A Major Warning Sign for Oil

Steve cruised over to my desk. Holding his laptop, he pointed to the screen and said, “Would you sell?”

My heart rate jumped. I looked at the screen and hesitated…

Is this a trick question? I thought. He wanted me to give an answer… yes or no.

“I don’t know, Steve,” I replied.

“C’mon, man… would you?” he asked with a grin on his face.

I looked again… but I didn’t know. I didn’t have enough experience to make the call. And I clearly didn’t have conviction like Steve did.

“You should get to the point where no matter what, if you see this setup, it’s time to sell,” he said.

I’ll never forget that conversation. This was back in the summer of 2016. Steve sold his junior gold mining stocks that morning for triple-digit gains in less than a year.

Everyone thought gold was going higher. To sell then was a gutsy move to everyone but Steve. He was the only one I knew betting on lower gold prices.

But gold prices ended up falling for the next six months.

I’m telling you this today because the same setup we saw in gold in June 2016 recently appeared in another asset…
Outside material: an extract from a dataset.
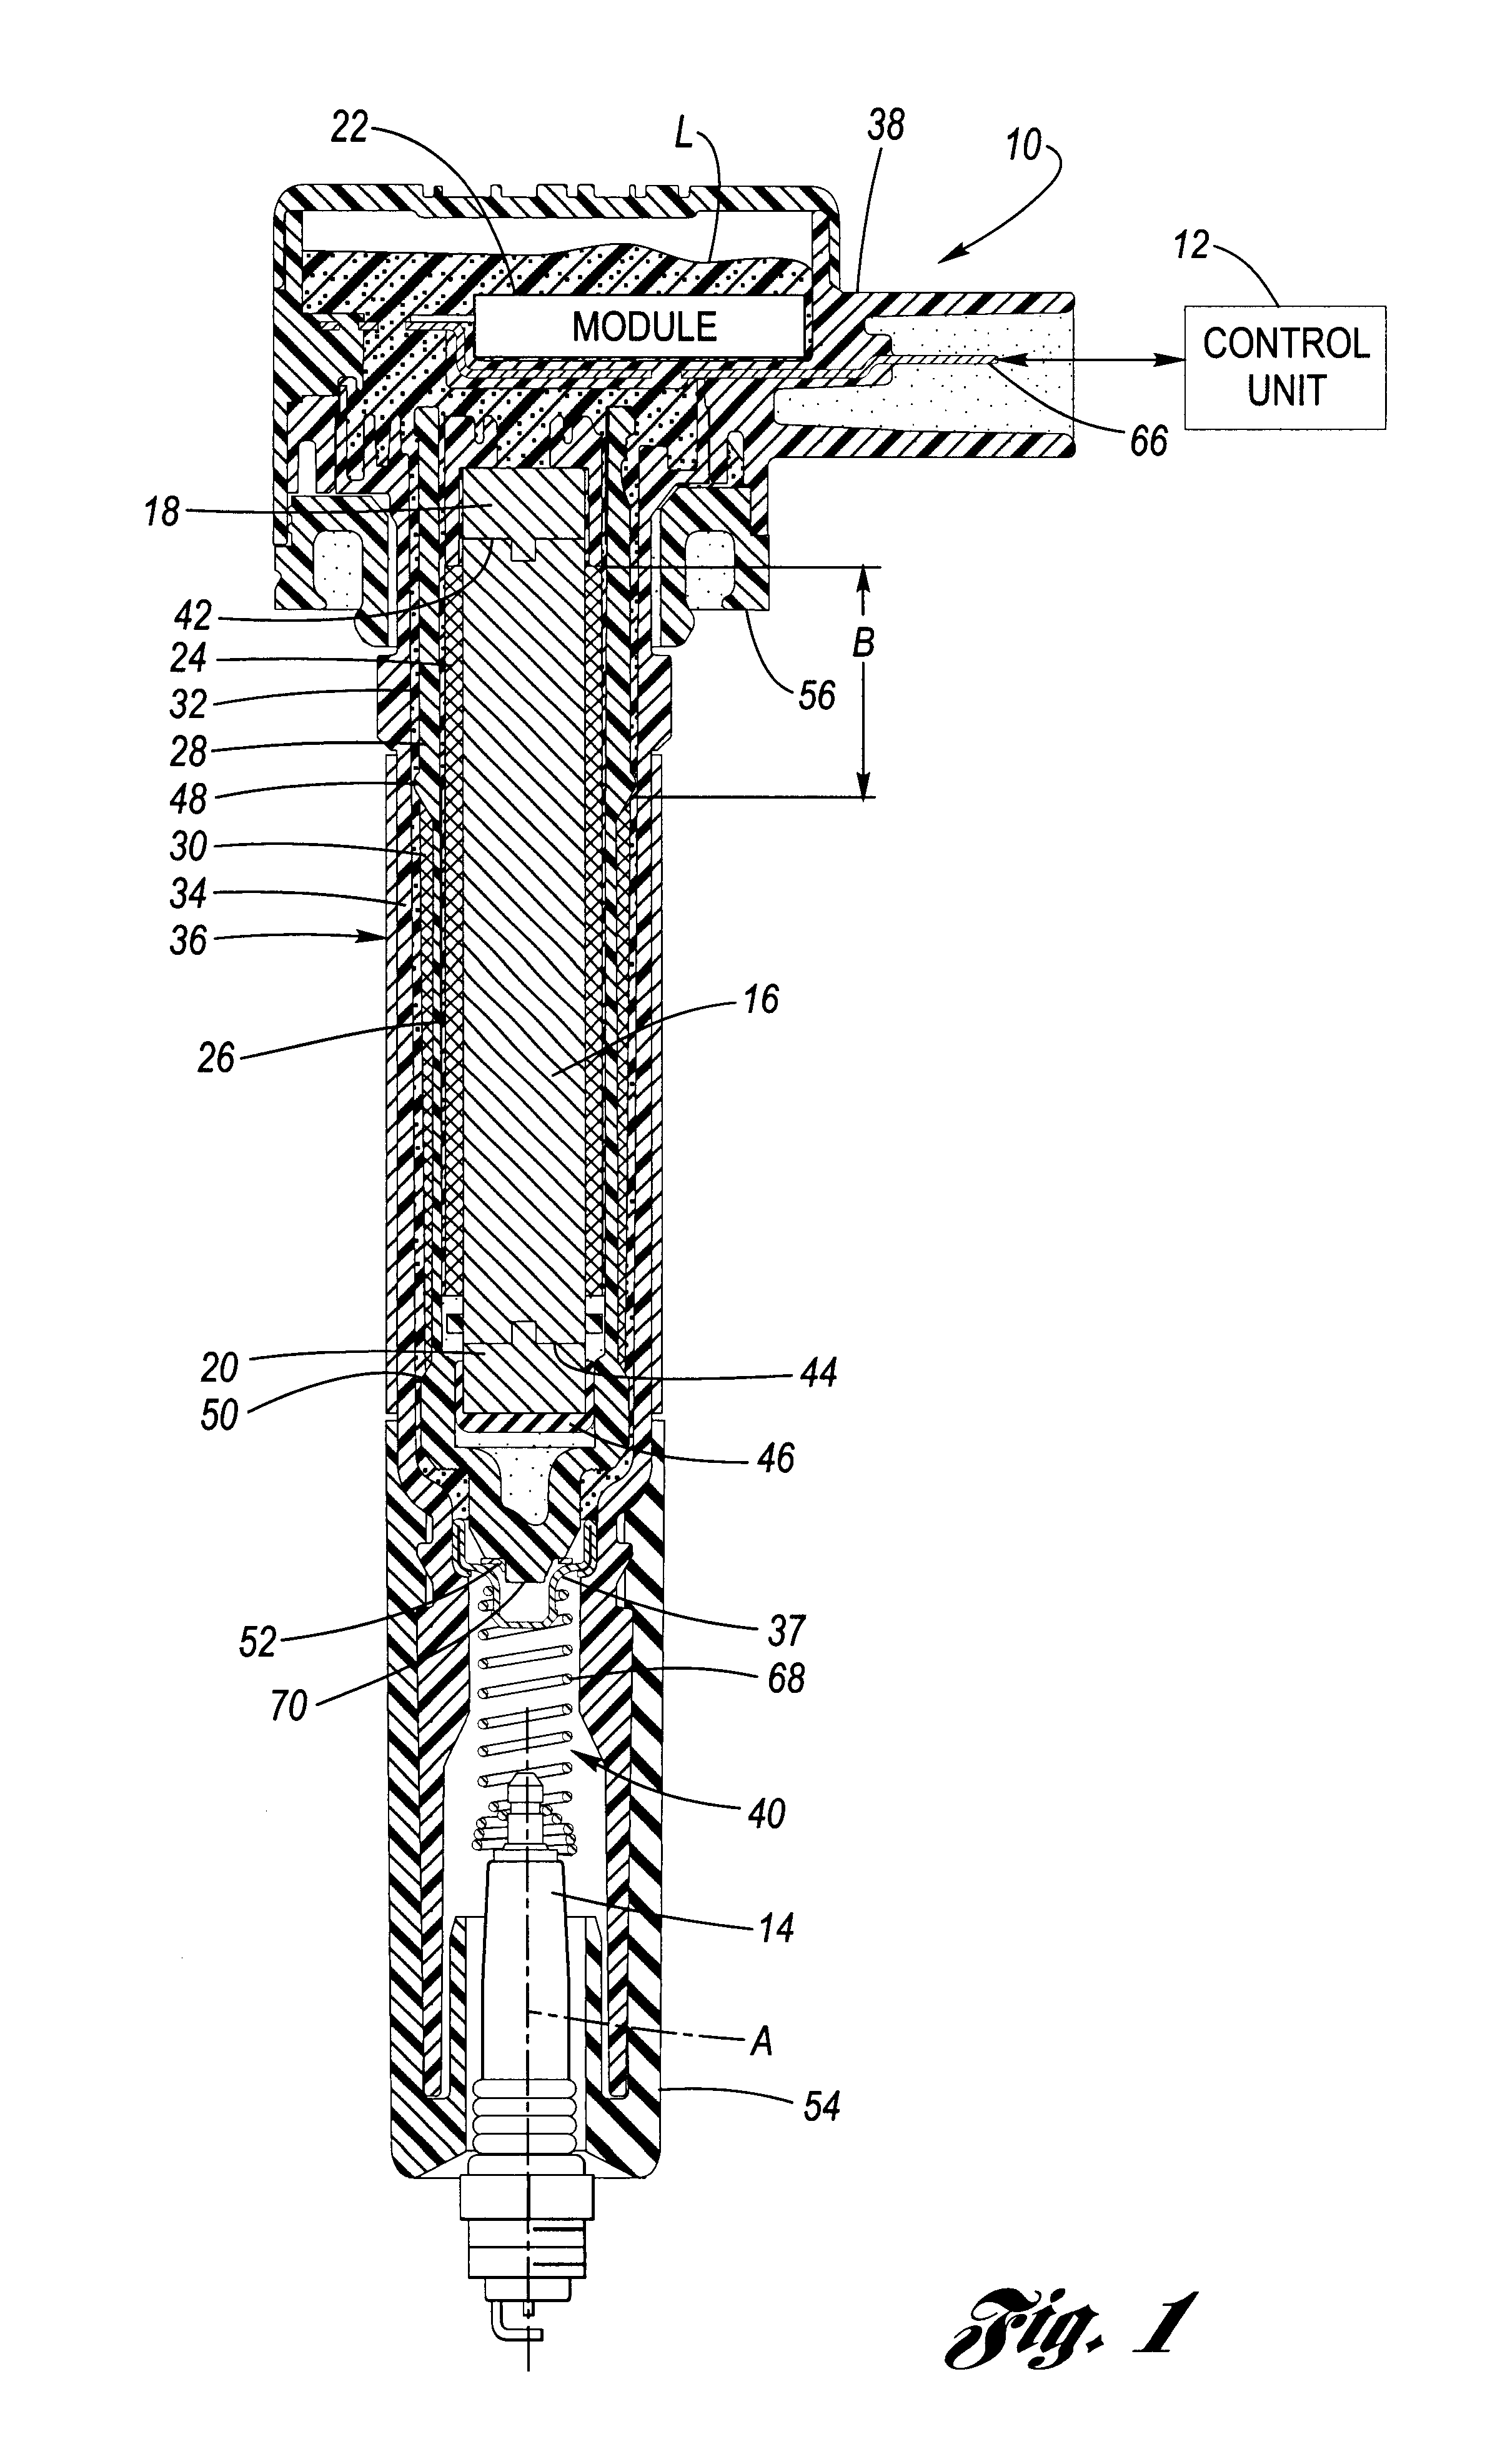 Ignition apparatus having increased leakage to charge ion sense system

The same signs that preceded gold’s decline showed up again recently – but this time, in the oil market.

We first wrote about this back in May in our True Wealth newsletter. Oil prices were hitting new highs. And futures traders were all betting on higher oil prices.

You can see this through the Commitment of Traders (COT) report… the same tool that showed Steve what was happening with gold in 2016.

The COT report is a great contrarian investing tool. It shows us exactly what futures traders are doing with their money. When they are all betting in one direction, it usually means the trade is nearing exhaustion… and a move in the opposite direction is likely.

If all futures traders are betting on higher oil prices, it shows nobody is left to bid prices higher. That means the short-term upside is limited… and a fall in prices is likely.

Back in May, futures traders were at all-time bullish levels on oil. Take a look…

Oil prices bounced back and forth over the next few months. The commodity eventually peaked after rallying 7% from mid-May to October.

It was far from the double-digit rally most people were betting on. That’s why the COT report is so valuable. The extreme bullish sentiment in May meant another 10%-plus rally was unlikely.

In hindsight, it might seem obvious that the uptrend couldn’t last forever… But that wasn’t the mood back in May. Futures traders were all betting on higher oil prices. And everyone thought the uptrend would continue.

After peaking last month, oil has fallen hard. Eventually, there were no futures traders left to bid the price higher. And today, oil is entering bear market territory, down roughly 20%…

We can’t know how far prices will fall from here. But a 20% drop means oil is no longer in a strong uptrend. And that makes a bet on higher oil prices a bad idea.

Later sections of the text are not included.